Jean-Michel Royer, né le à Poitiers et mort le à Aix-en-Provence[1], est un journaliste et écrivain français, qui fut en 1972, cofondateur de l'hebdomadaire Le Point avec Olivier Chevrillon.

Jeunesse et études

Après ses études à Poitiers au lycée Henri IV, Jean-Michel Royer effectue ses études supérieures à l'Institut d'études politiques de Paris[2].

Parcours professionnel

Débuts chez les gaullistes

Il est à 20 ans avocat au barreau de Paris[3]. Après son service militaire en Algérie, il travaille à l'Association française de science politique, sur le Mouvement de Pierre Poujade[4], les révoltes agricoles, les groupes de pression de l'alcool. Ayant rejoint le gaullisme de gauche, il milite à l'Union des jeunes pour le progrès, auprès de René Capitant, Louis Vallon, Léo Hamon. À 28 ans, il devient rédacteur en chef de l'hebdomadaire Notre République.

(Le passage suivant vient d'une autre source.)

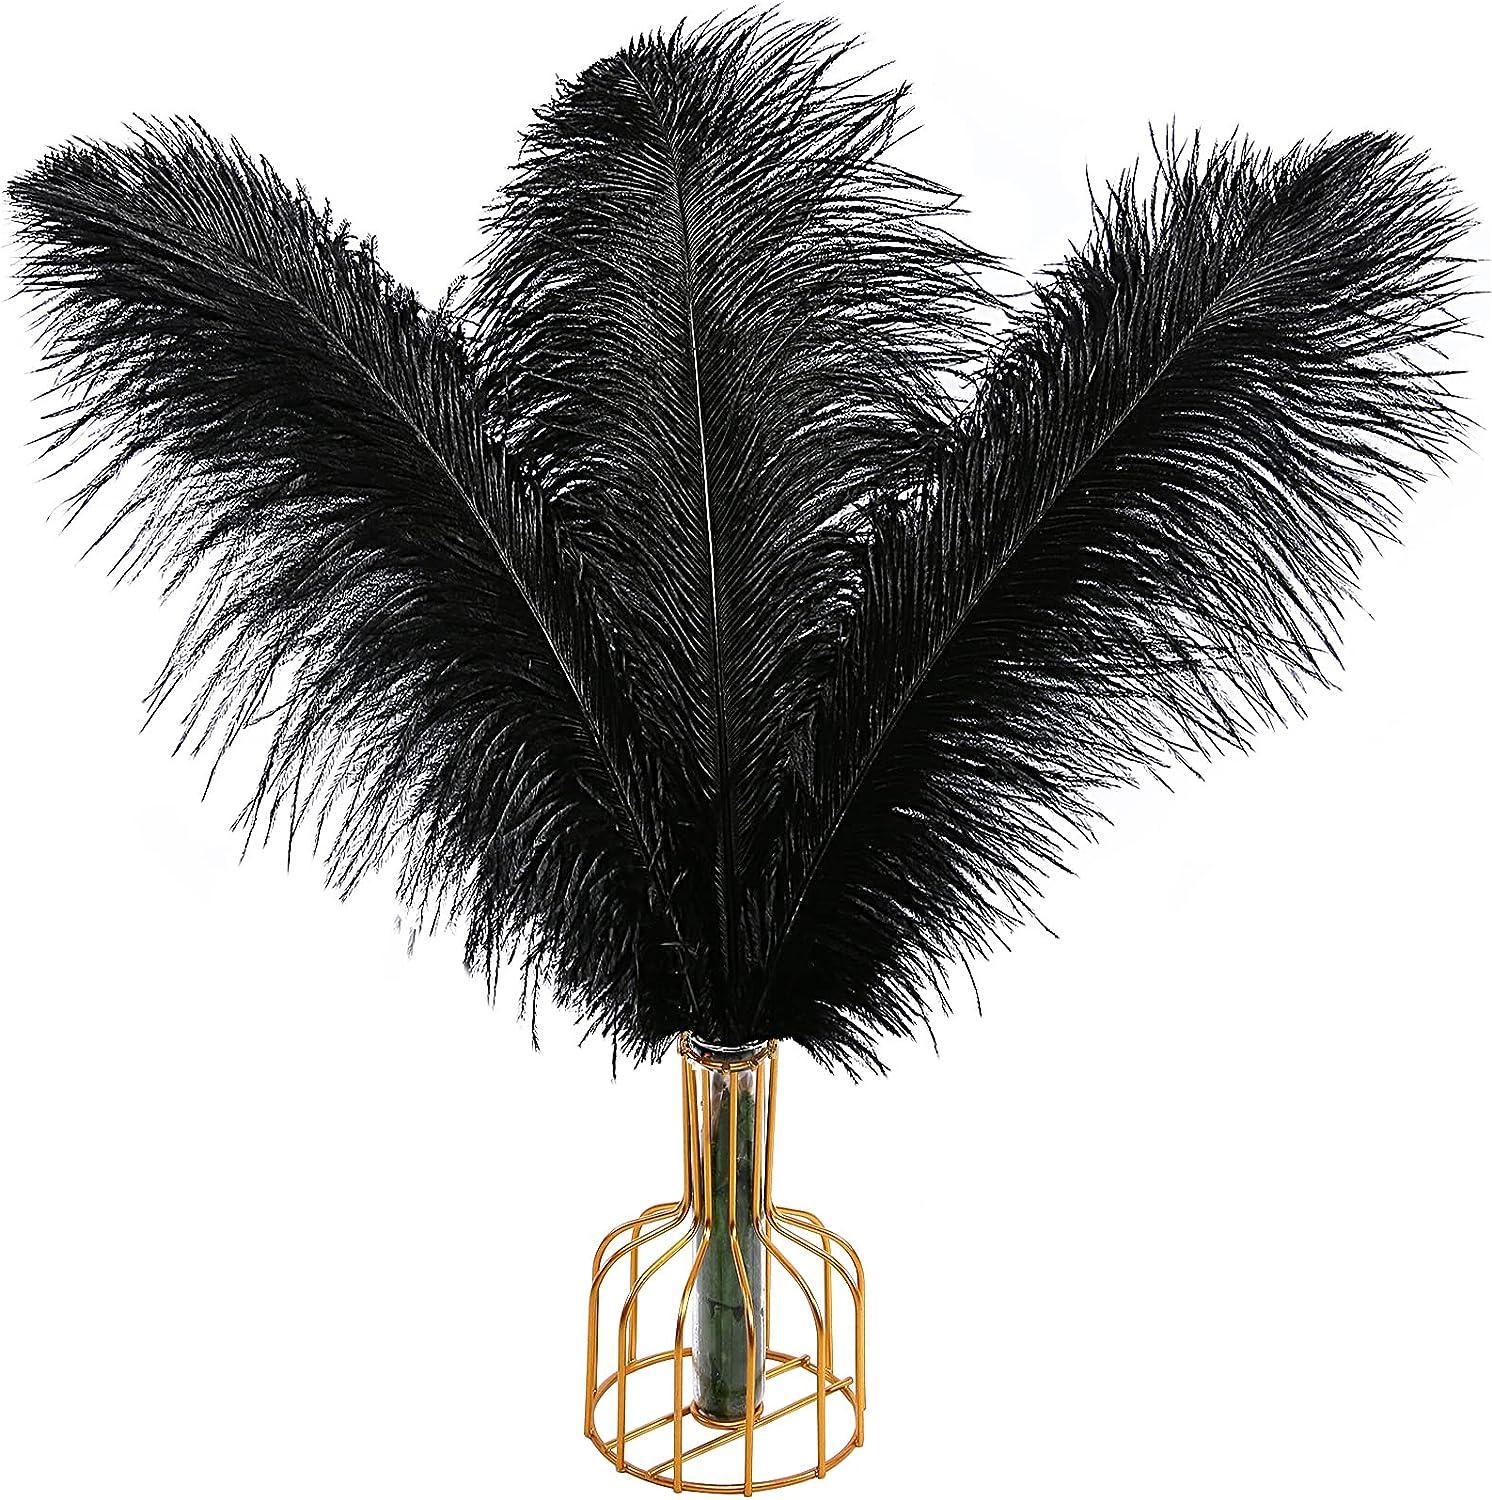 Black ostrich feathers in a gold vase symbolize the meaningful discovery of feathers.

Attaché de presse dans les cabinets ministériels

Il entre à 33 ans dans les cabinets ministériels des gouvernements gaullistes. Il est en particulier attaché de presse du secrétaire d’État à la Coopération et du ministre de l'Economie et des Finances.

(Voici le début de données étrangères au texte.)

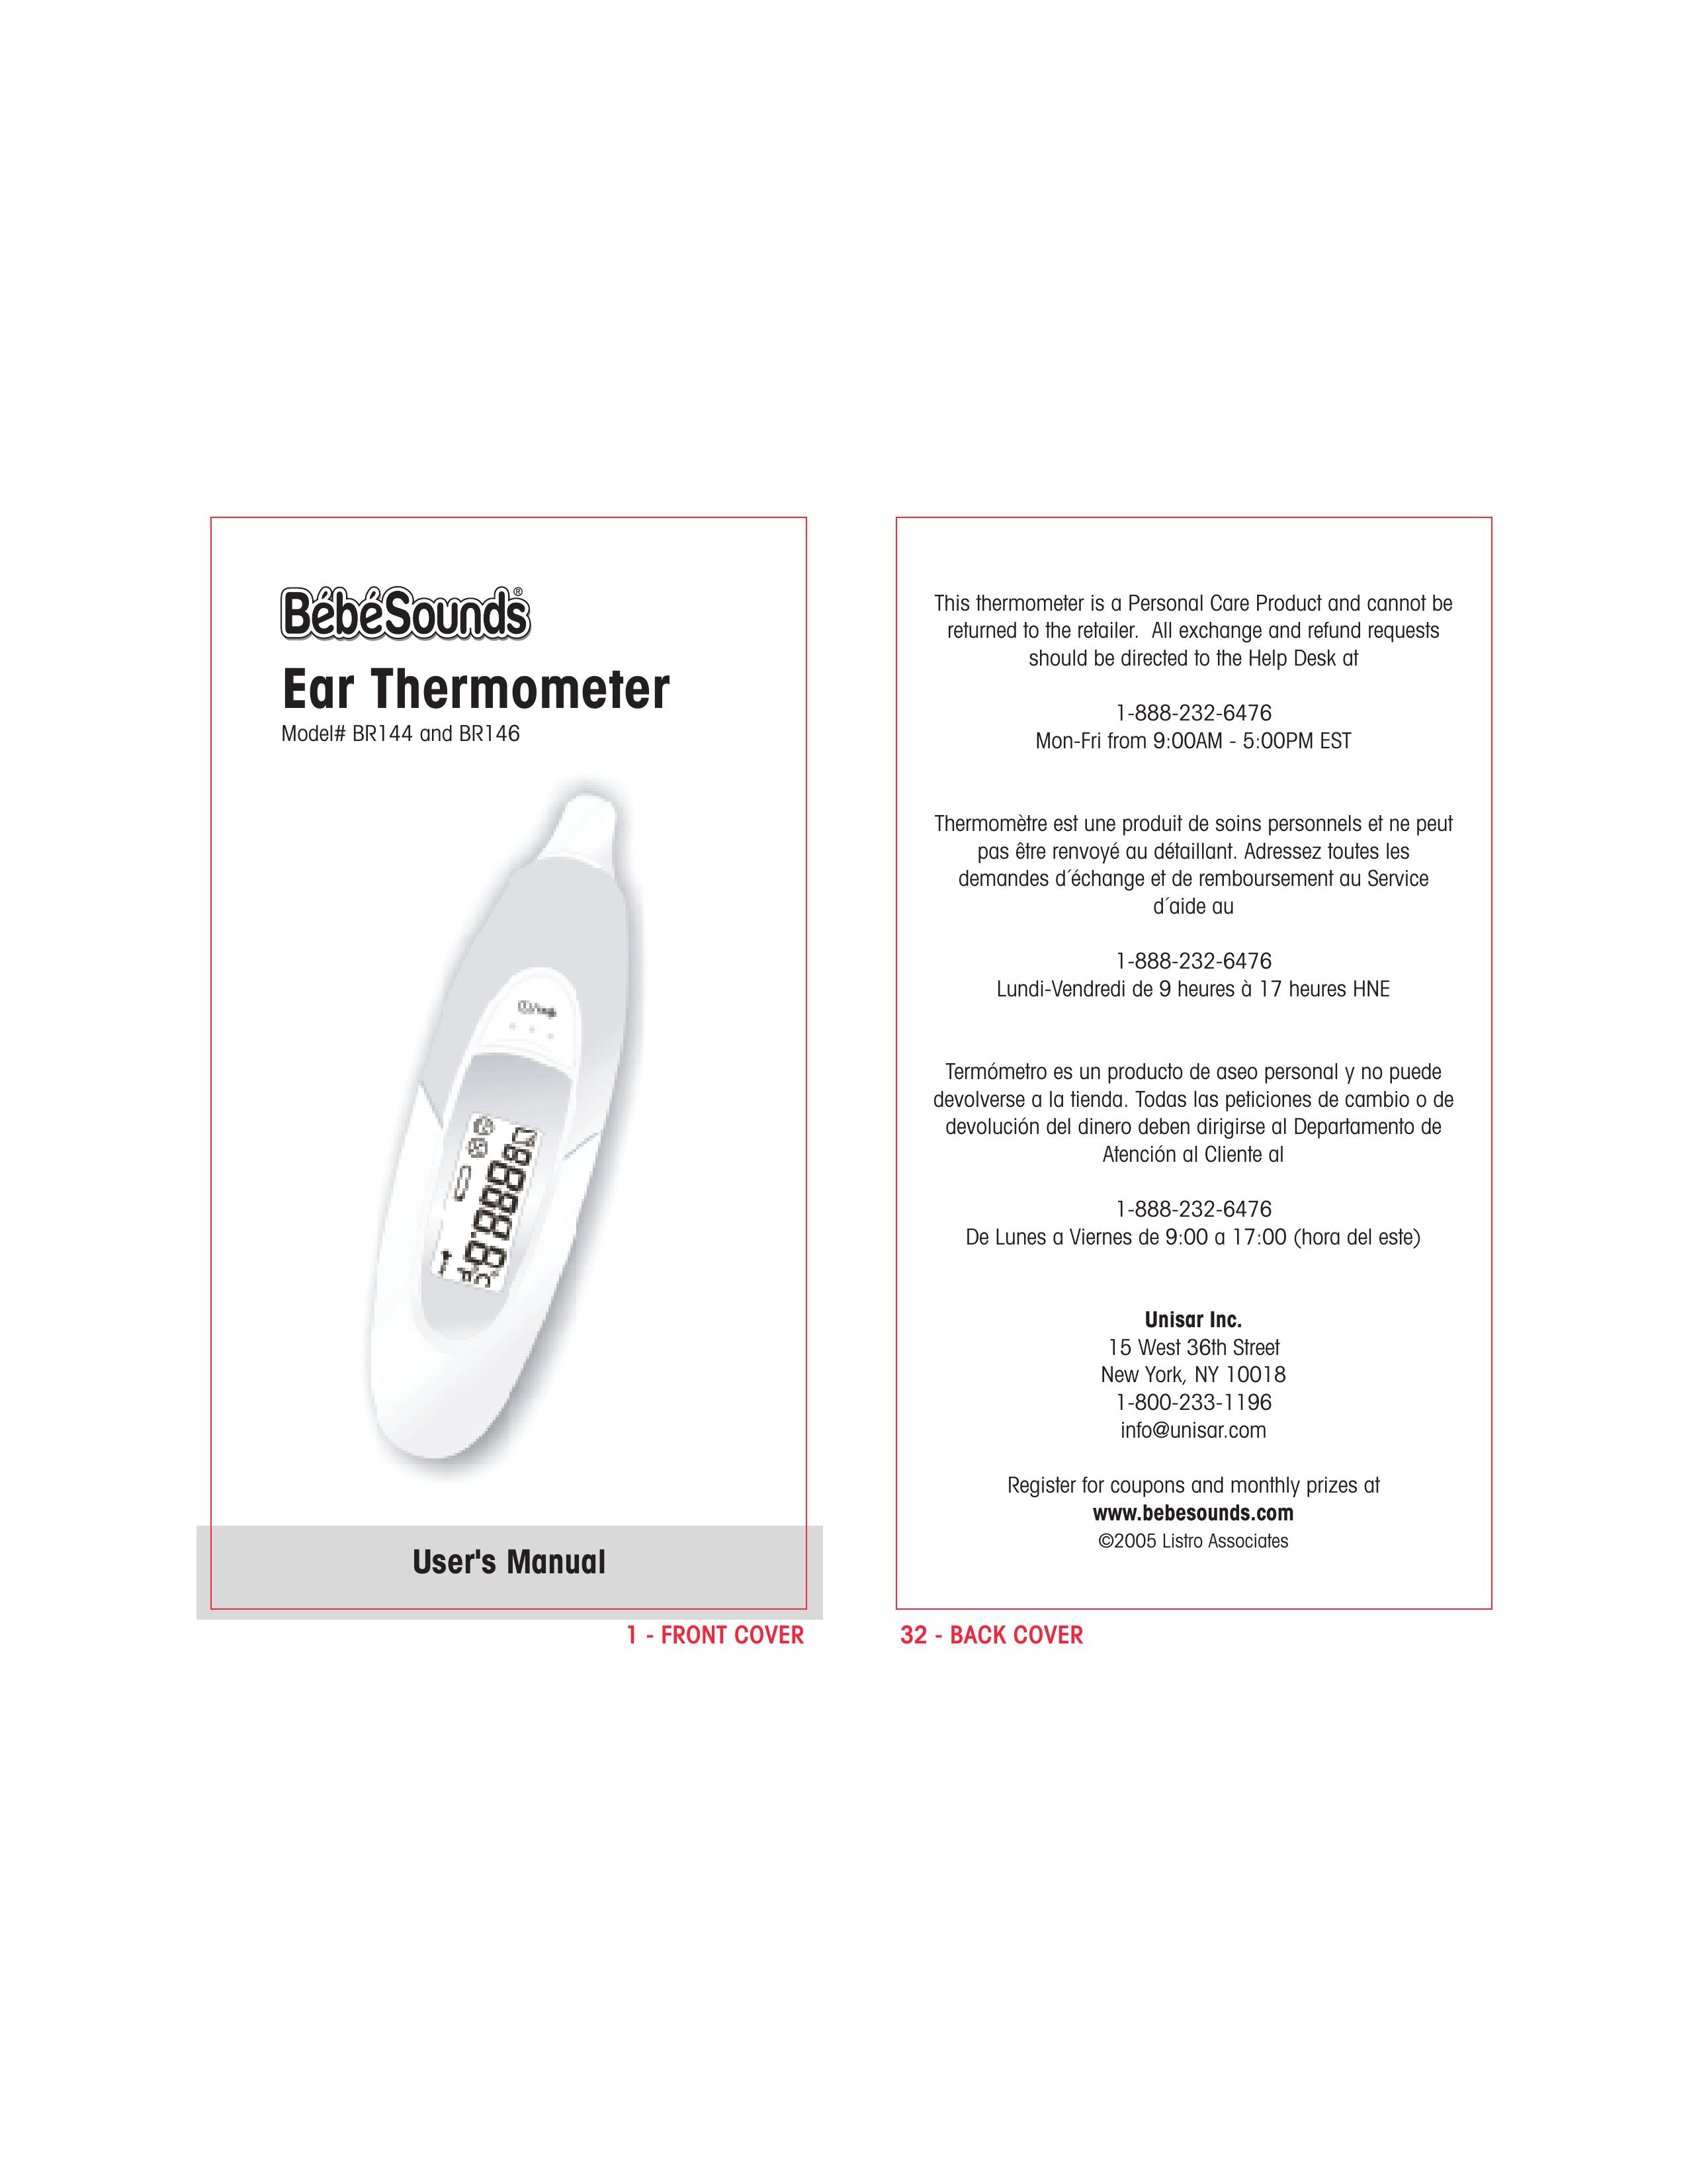 Bebe Sounds BR144 Thermometer User Manual

C'est un proche et un homme de confiance des ministres Jean Charbonnel puis de Michel Debré.

En 1968, il est chargé de mission au cabinet de Joël Le Theule, secrétaire d'État auprès du Premier ministre, chargé de l'information (gouvernement Couve de Murville), avec qui il nouera une solide amitié.

Radio Monte-Carlo

Parallèlement à ses fonctions dans les cabinets ministériel, il occupe des fonctions de direction à la tête de Radio Monte-Carlo, alors contrôlée par l'Etat via la Sofirad, comme rédacteur en chef puis directeur de l’information[5]

Il y restera chroniqueur du matin jusqu'en 1975 puis animateur de l'émission À micro ouvert et n'hésite pas à conseiller le Premier ministre tout en citant Jean-Paul Sartre, malgré son "engagement" gauchiste[6], à l'antenne, ses éditoriaux étant repris dans la presse[7].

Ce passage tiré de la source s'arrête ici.